I’m having a hard time writing this column in the glare of the presidential election and the revelation that a dear friend has passed away (it happened a while ago, across the Pond, and I wasn’t even aware until recently because Russia’s war on Ukraine has wrenched me from many of my friendships and routines).
As usual in times like these, I run to my comfort content, the books and music and TV shows and movies that keep me ticking. And of course times of political strife make me think about what my country is, and where it is going.
With that in mind, I rewatched the European cut of Once Upon A Time in America — an epic movie that was a flop in its time due to bad editing, and which came out a year I was born, far away from the very idea of America (fates can be convoluted, you never know where you’re going to end up, always remember that).
So here I am, a former Ukrainian immigrant turned citizen, watching Italian Sergio Leone’s take on the rise of organized crime in the United States. Watching about the birth and death of friendship, about the painful tension embodied in class differentials, about the bitter ebbs and flows of organized crime and sexual violence and the way men use women to bury their self-loathing, and… well, this story is as familiar today as it was before.
I know I talk about this a lot, but people are always prophesying the end of America. But we, and it feels good to use that we, always, in spite of any horrors, are always fucking up and beating ourselves down and getting back up again. Consider the 1920s, when Once Upon A Time In America begins, with Prohibition and the fucking Great Depression.
We like to think of the past as harmless, safely contained in a box in the attic, but the truth is, the past is alive and churning around us always (especially if you consider the fact that the linear nature of time is an illusion). In many ways, in fact, we are already in a new Gilded Age, with insane and partially sane billionaires trying to run our lives, and the smell of doom and wilting roses in the air.

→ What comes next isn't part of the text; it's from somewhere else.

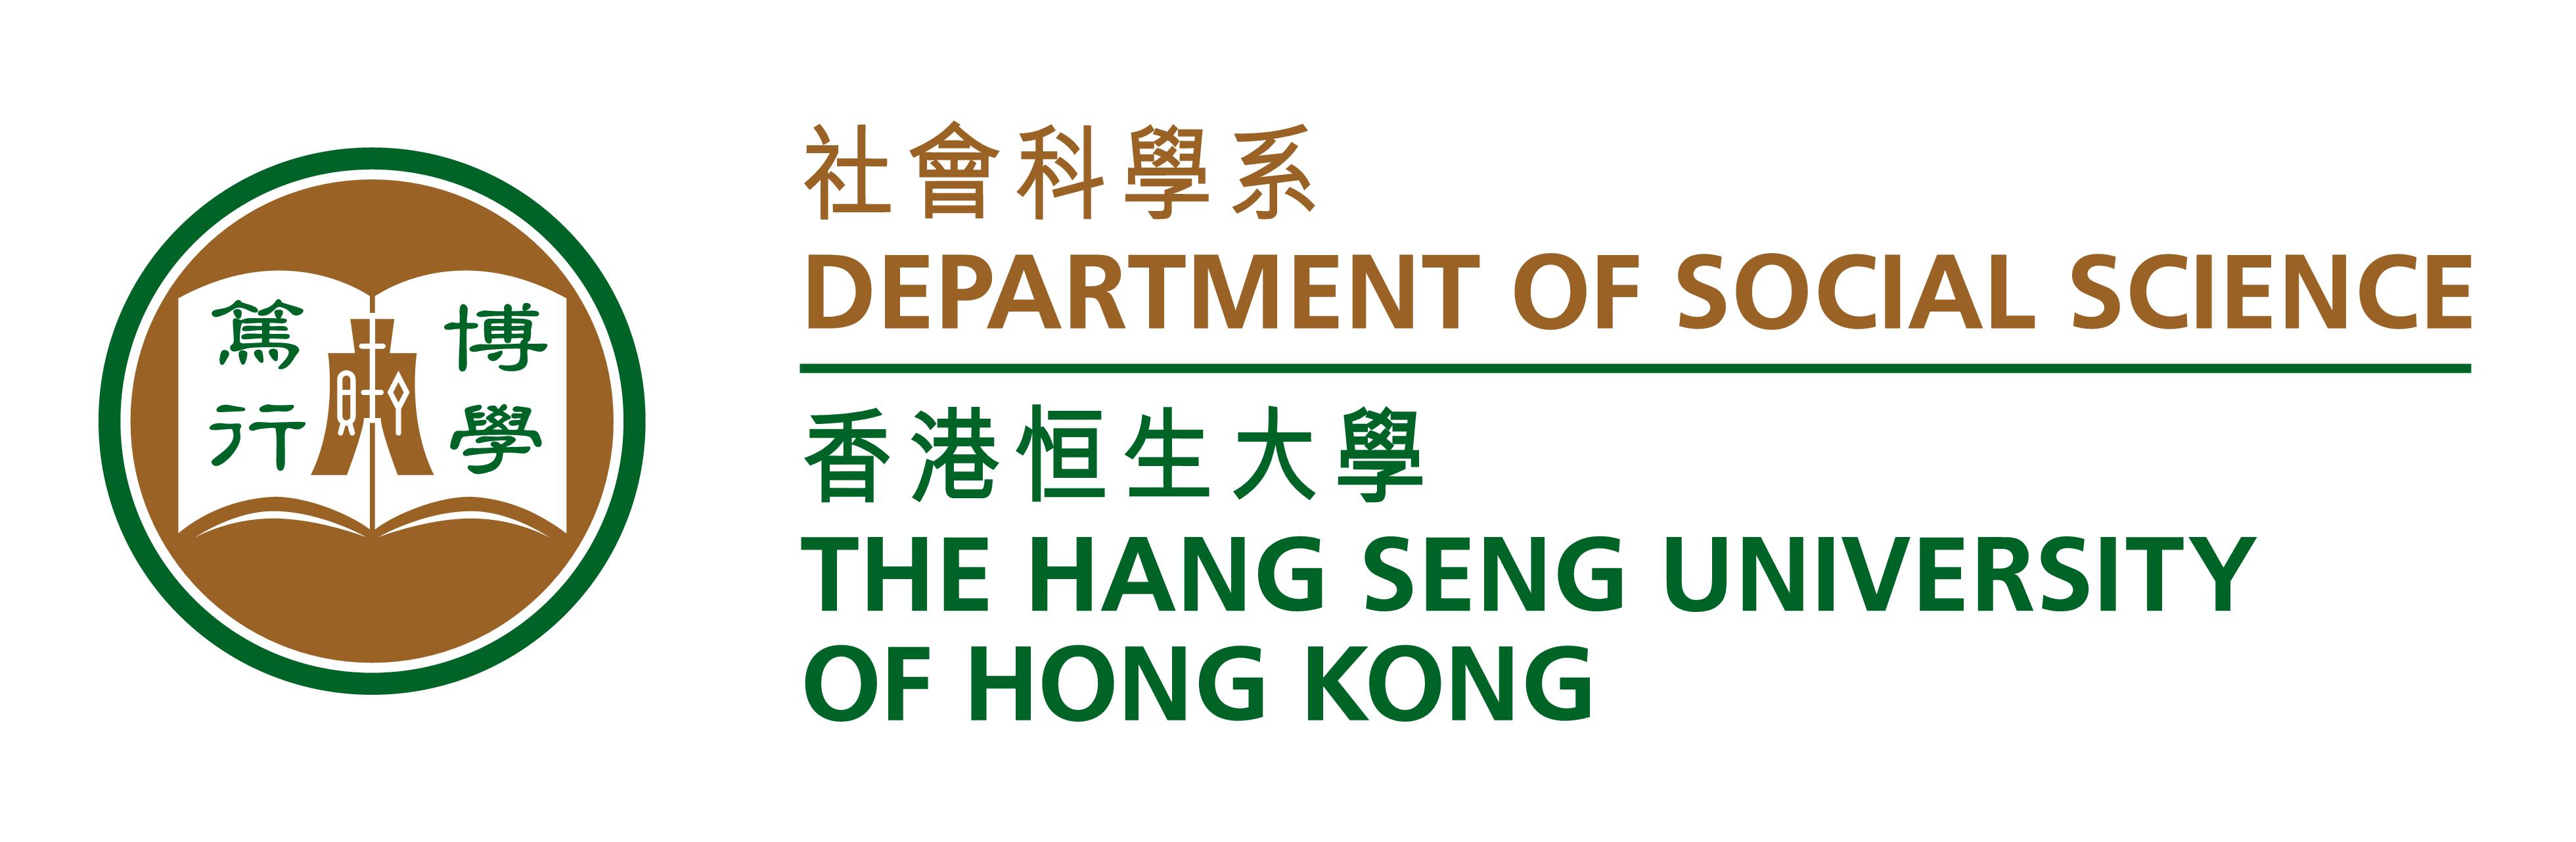 Department of Social Science, The Hang Seng University of Hong Kong

I think that’s why Sergio Leone’s dark gangster fairy tale remains such a classic. Leone understood time, American time specifically, on a molecular level (there’s a reason why the director’s cut swings wildly between past and present; it doesn’t confuse a careful viewer, it creates a rhythm). He understood that love and power have different timelines. Power is quicker. Love is eternal.
A lot of ink has been spilled (God, it feels so quaint to talk about ink, speaking of time), about the performances of both Robert De Niro (Noodles) and James Woods (Max) in the film, and rightfully so.
But in the many years since I first watched it, I’ve thought more about Elizabeth McGovern’s character, Deborah Gelly, both loved and horrifyingly wronged by Noodles.
Plenty of people of my generation and younger haven’t watched this film, so I don’t want to explicitly give away what happens between Noodles and Deborah. I was disgusted when I first watched a pivotal scene featuring the two of them, and thought Leone had made the wrong choice — he glorified needless violence and exploitation. But then I realized that Leone was, in a sense, disgusted too — by the circumstances that both Noodles and Deborah found themselves in.
Once Upon A Time In America is not a hopeful kind of epic, it’s a bloodsoaked and tragic one
Deborah is similar to F. Scott Fitzgerald’s Daisy, trapped simultaneously by her electric ambition and social standing. Noodles only really understands the language of force when it comes to expressing himself to women or, in fact, most men. He’s a bit of a Gatsby, though a much more terrifying one. They are both beautiful and trapped, both doomed in their own ways. And I’m not saying that to excuse Noodles. I’m saying that to point out that much like David Lynch, Sergio Leone understood the most cruel parts of American life, and the way they create a shadow that is necessary if we are to acknowledge the good that exists alongside it.
America is a rich country, and its stories are rich and overblown too, another fact that Leone understood on an organic level, just as he understood how the relentless pursuit of money hollows people out. We see how it plays out in our politics all the time, and how it damages our institutions.
Again, these are stories that we repeat, always on a grand scale. It makes me wonder what Leone would have thought about the age we’re in today. I can imagine him chuckling about it.
Once Upon A Time In America is not a hopeful kind of epic, it’s a bloodsoaked and tragic one, very close to the roots of the epic as a genre. But it is also a poem, again keeping with the traditions of the epic. A poem I like to repeat to myself when I am uncertain of the world, and when I am uncertain of the future of my adopted motherland.
As Noodles the gangster says, “She’s out there. She exists. And that would get me through it all.”